À Paris, le détective privé Claude Chavasse est spécialisé dans les affaires d’adultère. Sa fille, Ariane, est fascinée par son travail et plus particulièrement par le cas du playboy Frank Flannagan. Lorsqu’Ariane surprend un client de son père menaçant de tuer Flannagan, elle court prévenir ce dernier du danger qui l’attend. Quand le client jaloux débarque à l’hôtel, il trouve le millionnaire en compagnie d’Ariane et non de sa femme infidèle. Intrigué, Flannagan organise un rendez-vous avec elle le lendemain après-midi…

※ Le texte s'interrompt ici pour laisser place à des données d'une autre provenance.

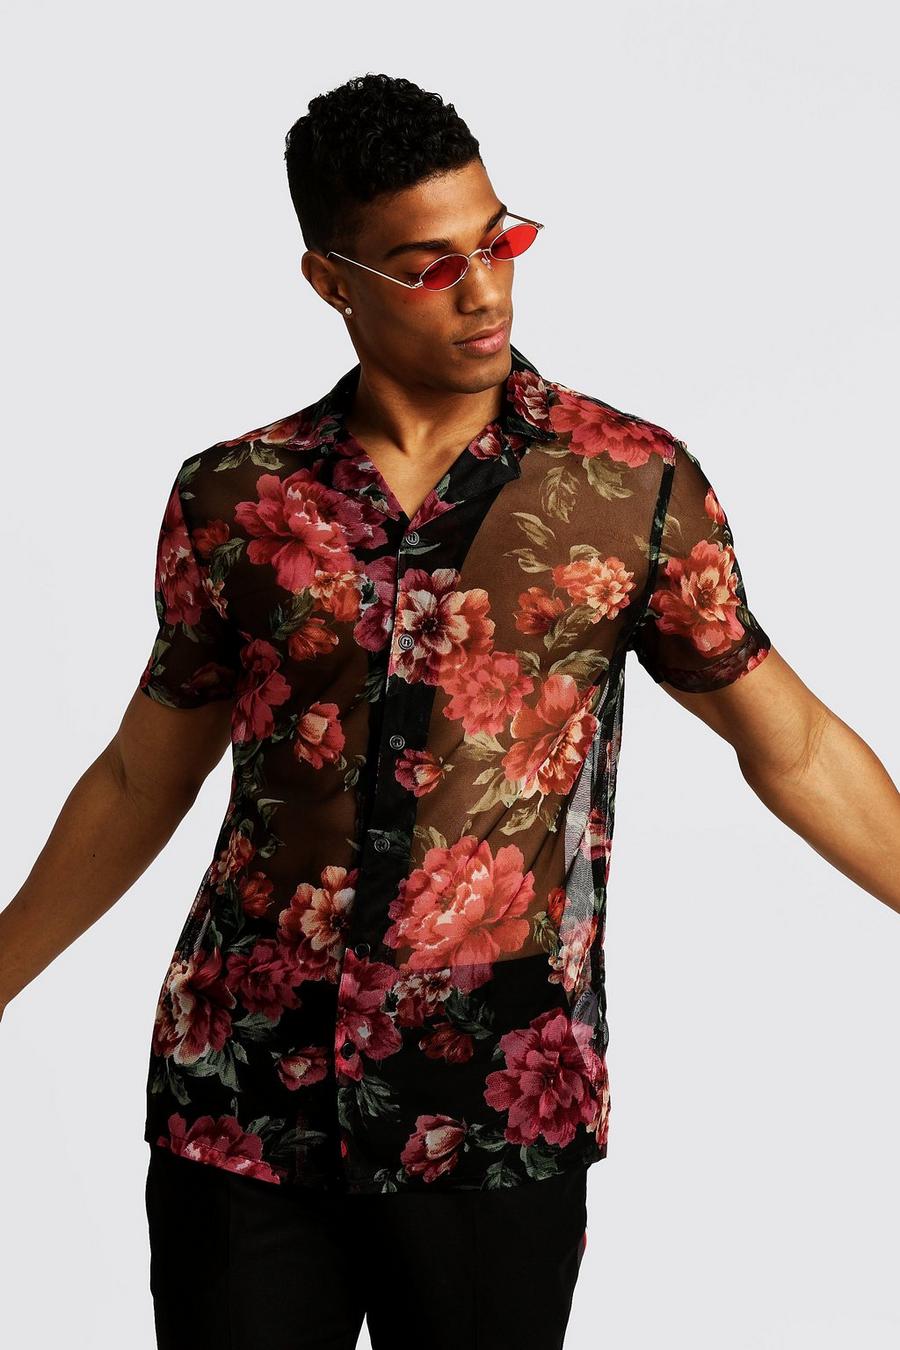 Mfasica Mens Summer Button Oversized Floral Print Short Sleeve Tees Top Shirts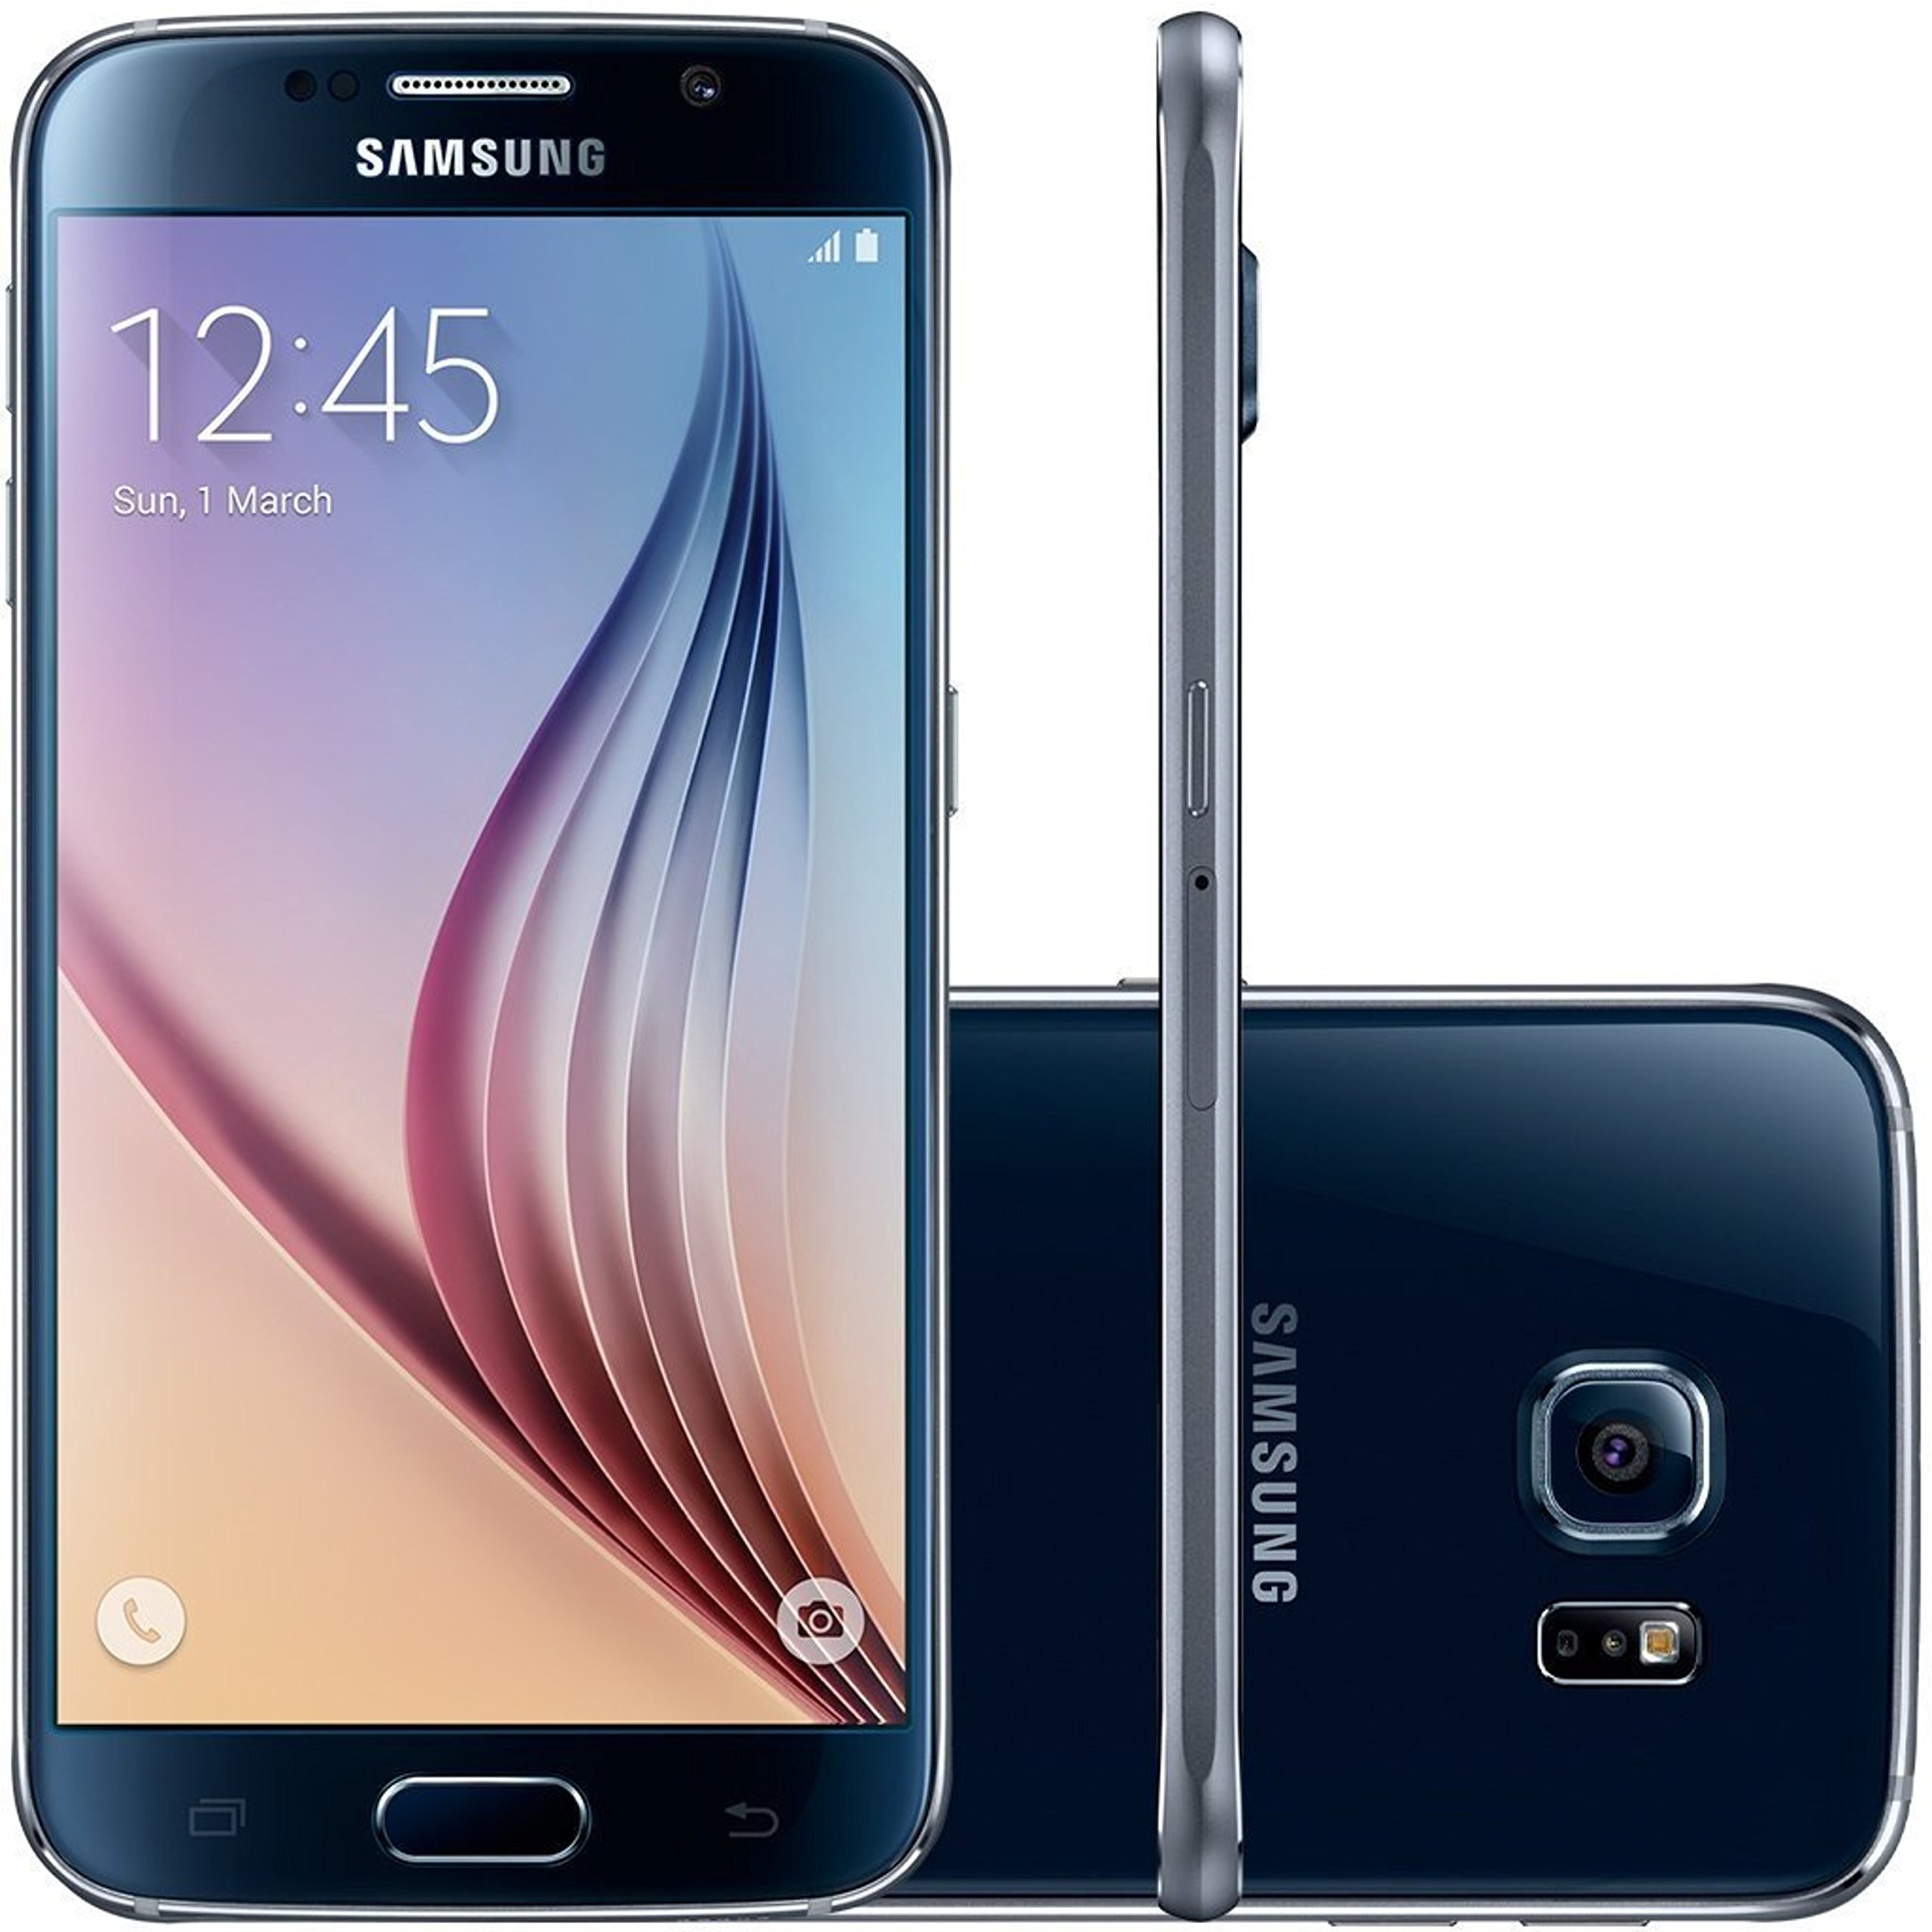 Samsung GALAXY S6 G920 32GB Unlocked GSM 4G LTE Octa-Core Smartphone - Black Sapphire

ArianeLove in the Afternoon n’est certes pas un chef d’œuvre comme le seront les films à venir de Billy Wilder, mais son treizième long-métrage annonce en grande pompe la deuxième partie de la carrière hollywoodienne du cinéaste basée sur l’affrontement des sexes, le politiquement incorrect, l’apologie du mensonge, avec une joie communicative de jouer avec la censure. En 1957, trois ans après le succès international de Sabrina, Billy Wilder fait à nouveau appel à Audrey Hepburn pour Love in the Afternoon, plus connu par le prénom du personnage principal, Ariane. En signant ce remake du film éponyme de Paul Czinner réalisé en 1931, lui-même tiré du roman de Claude Anet, Ariane, une jeune fille russe, Billy Wilder souhaite rendre hommage au cinéma de sa jeunesse ainsi qu’à son mentor Ernst Lubitsch. Les succès de Boulevard du crépuscule (1950), Stalag 17 (1953), Sabrina (1954) et Sept ans de réflexion (1955), permettent à Billy Wilder d’être l’auteur complet d’Ariane. Il est ainsi scénariste (pour la première fois avec I.A.L. Diamond), producteur et réalisateur, il choisit lui-même ses comédiens et se place en tant qu’auteur à part entière à l’intérieur même du système hollywoodien. Avec Ariane, il impose le N&B renvoyant à ses premiers films, témoigne de son amour pour Ernst Lubitsch avec qui il fit ses premières armes, choisit Paris comme lieu d’action et impose encore un rythme et des thèmes qui deviendront récurrents dans ses œuvres ultérieures comme La Garçonnière, Irma la Douce et Avanti!.